Uitspraak
1.Procesverloop
2.Uitgangspunten en feiten
3.Beoordeling van het middel
4.Beslissing
2 juni 2023.
Hoge Raad
In deze zaak heeft de Hoge Raad op 2 juni 2023 uitspraak gedaan in een cassatieprocedure betreffende een zorgmachtiging die door de rechtbank Noord-Nederland was verleend. Betrokkene, een vrouw met een verstandelijke beperking, had beroep in cassatie ingesteld tegen de beschikking van de rechtbank, waarin verplichte anticonceptie in de vorm van de prikpil was opgenomen als onderdeel van de zorgmachtiging. De rechtbank had geoordeeld dat deze maatregel noodzakelijk was om te voorkomen dat betrokkene ongewild zwanger zou worden, gezien haar kwetsbare situatie en de risico's die een zwangerschap met zich meebracht voor zowel haar als het kind.
De Hoge Raad heeft in zijn beoordeling vastgesteld dat de rechtbank ten onrechte de verplichte anticonceptie onder art. 3:2 lid 2, onder h, Wvggz had geschaard. In een eerdere uitspraak van 9 december 2022 had de Hoge Raad al bepaald dat gedwongen anticonceptie niet kan worden aangemerkt als een beperking van de vrijheid om het eigen leven in te richten. Hierdoor kon de rechtbank de toediening van de prikpil niet als vorm van verplichte zorg opnemen in de zorgmachtiging. De Hoge Raad heeft de beschikking van de rechtbank vernietigd en het geding terugverwezen naar de rechtbank voor verdere behandeling en beslissing.
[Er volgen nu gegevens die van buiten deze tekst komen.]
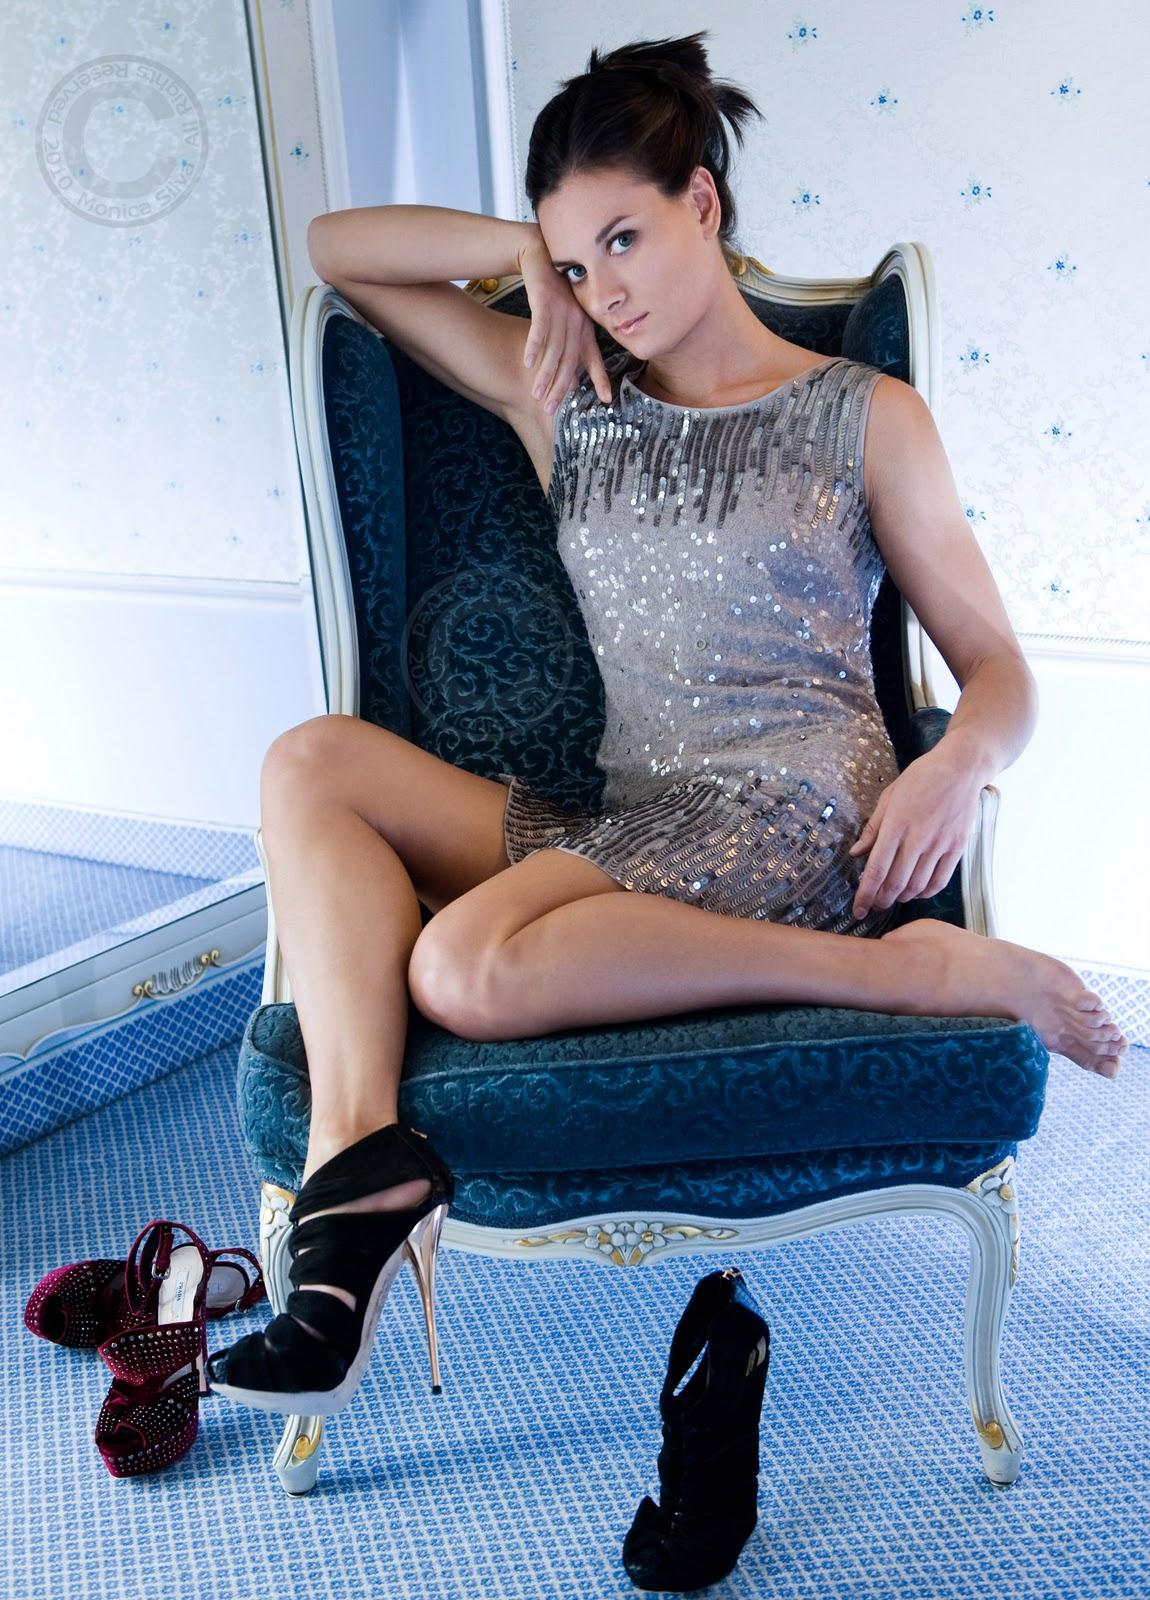 http://3.bp.blogspot.com/-ZHJLUAPSees/TsOIB9HY27I/AAAAAAAADRk/_EattpX28h8/s1600/Yelena-Isinbayeva-02.jpg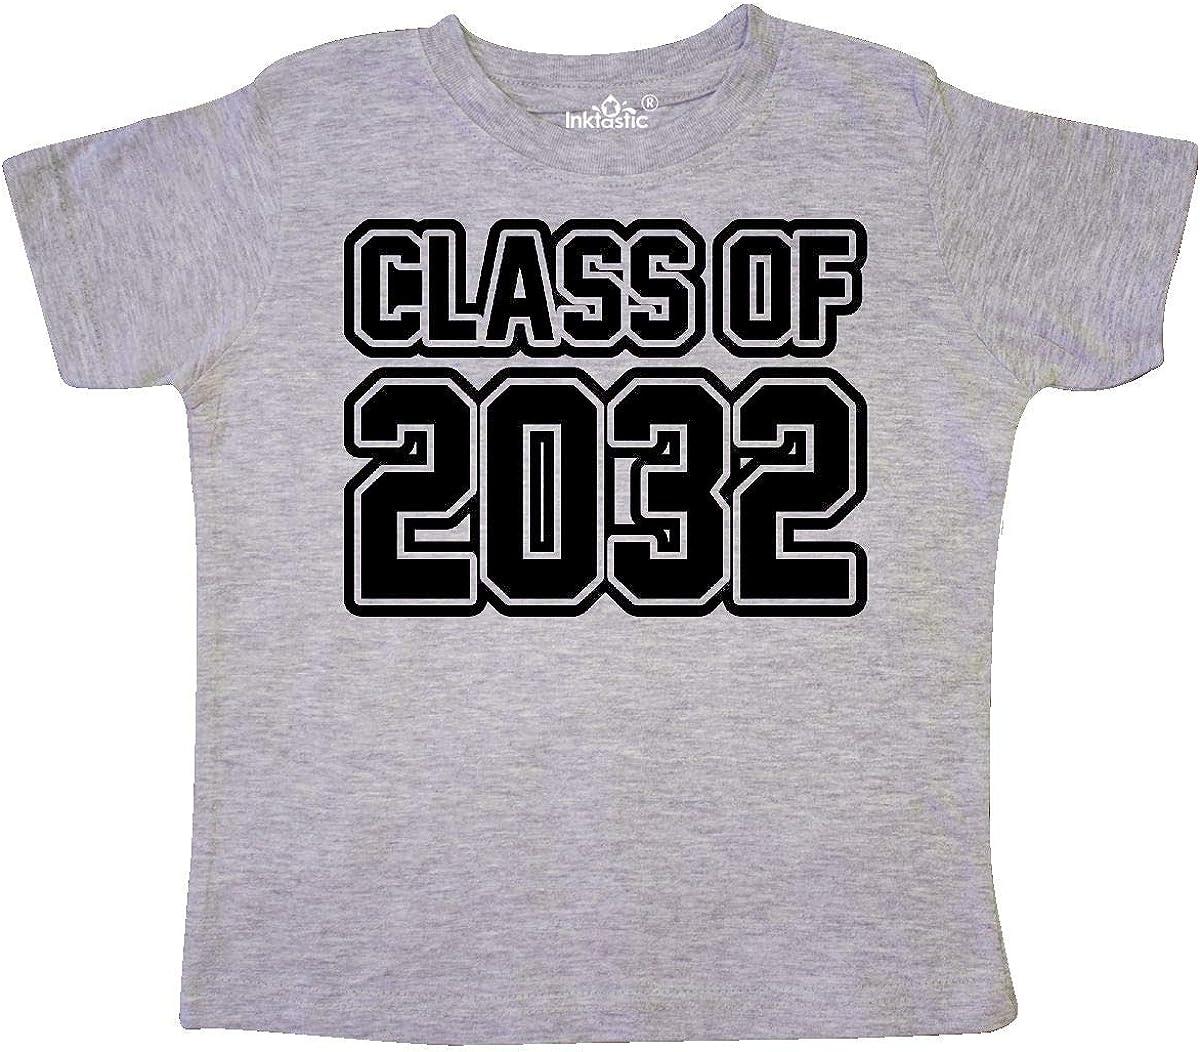 inktastic Class of 2032 Toddler T-Shirt

Deze uitspraak benadrukt de grenzen van de Wvggz en de noodzaak om zorgvuldig om te gaan met de rechten van individuen, vooral in situaties waarin kwetsbare personen betrokken zijn. De beslissing van de Hoge Raad biedt belangrijke juridische duidelijkheid over de toepassing van verplichte zorg en de voorwaarden waaronder deze kan worden opgelegd.